Он очнулся от оцепенения, повернулся вполоборота: стол гораздо ближе к нему, чем он предполагал, и позы сидящих за столом гораздо менее официальные. На их лицах усталость бессонной ночи, мужчины без пиджаков, узлы их галстуков ослаблены. В полуметре от его лица – и это странно – затылок сидящей к нему спиной женщины в белой блузки, волосы густые и вьющиеся. Ему легко удалось бы наклониться к ним, — узнать запах этих волос, столь привлекших его внимание, — ведь он не видит уже ничего кроме, но как отчетлив каждый волосок. Волосы разные, — одни темного, почти черного, каштанового цвета, другие желтого, цвета стульев в зале или же стен в глубине сцены; есть и седые волоски. Каждый из них короток, но вместе они довольно длинны.
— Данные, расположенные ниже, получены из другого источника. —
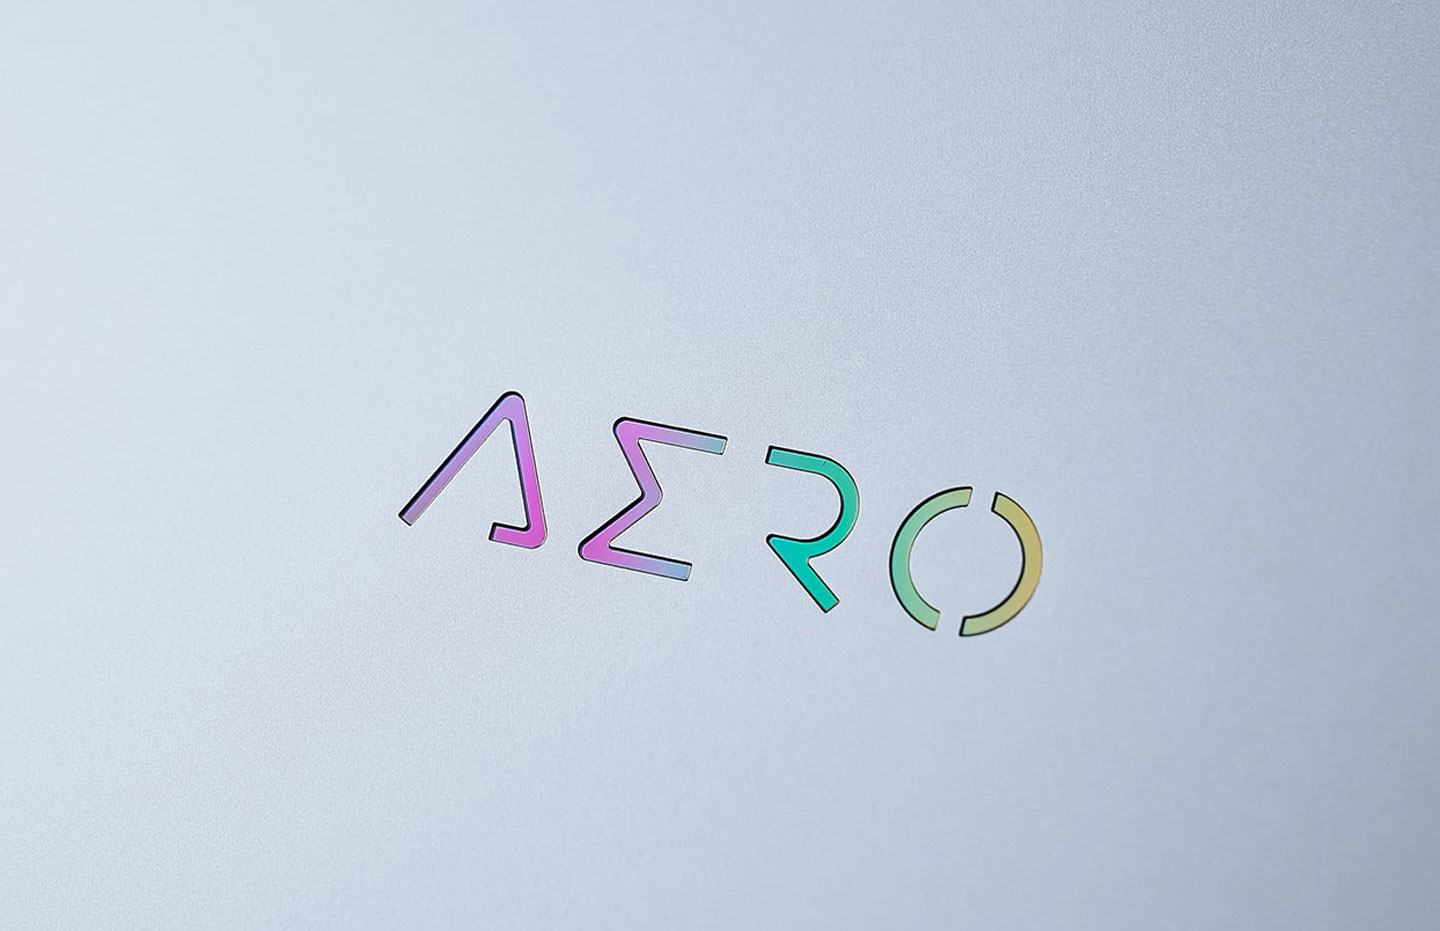 今年 AERO 16 OLED 上蓋的 LOGO 多了一些變化－炫彩元素在不同角度呈現出豐富的變化。

Он не в силах более сопротивляться, наклоняется ниже; в его глазах курчавые волосы. Он ткнулся носом в затылок женщины за столом президиума. Женщина поворачивает голову медленно, слишком медленно, удивленно, он уже долго не может, не хочет смотреть в лицо ей, он слишком хорошо знает, что увидит, когда она обернется. Она оборачивается, и он видит лицо сорокалетней женщины, одутловатое, будто начавшее разлагаться, и разложение началось обычно, с носового хряща. Хрящ почти провалился, кожа фиолетовая, нет коричневая, и губы. Он не кричит, он не испугался, он знал все до того, как увидел женский затылок в полуметре от себя; теперь он уверен, что знал все до входа в зал. Он слышит радостные крики, аплодисменты, звучит музыка, сидящий во главе стола говорит громко и почти по слогам, чтобы другие могли записывать в красные папки: «Виновен, виновен, приговорен, приговор приведен в исполнение...»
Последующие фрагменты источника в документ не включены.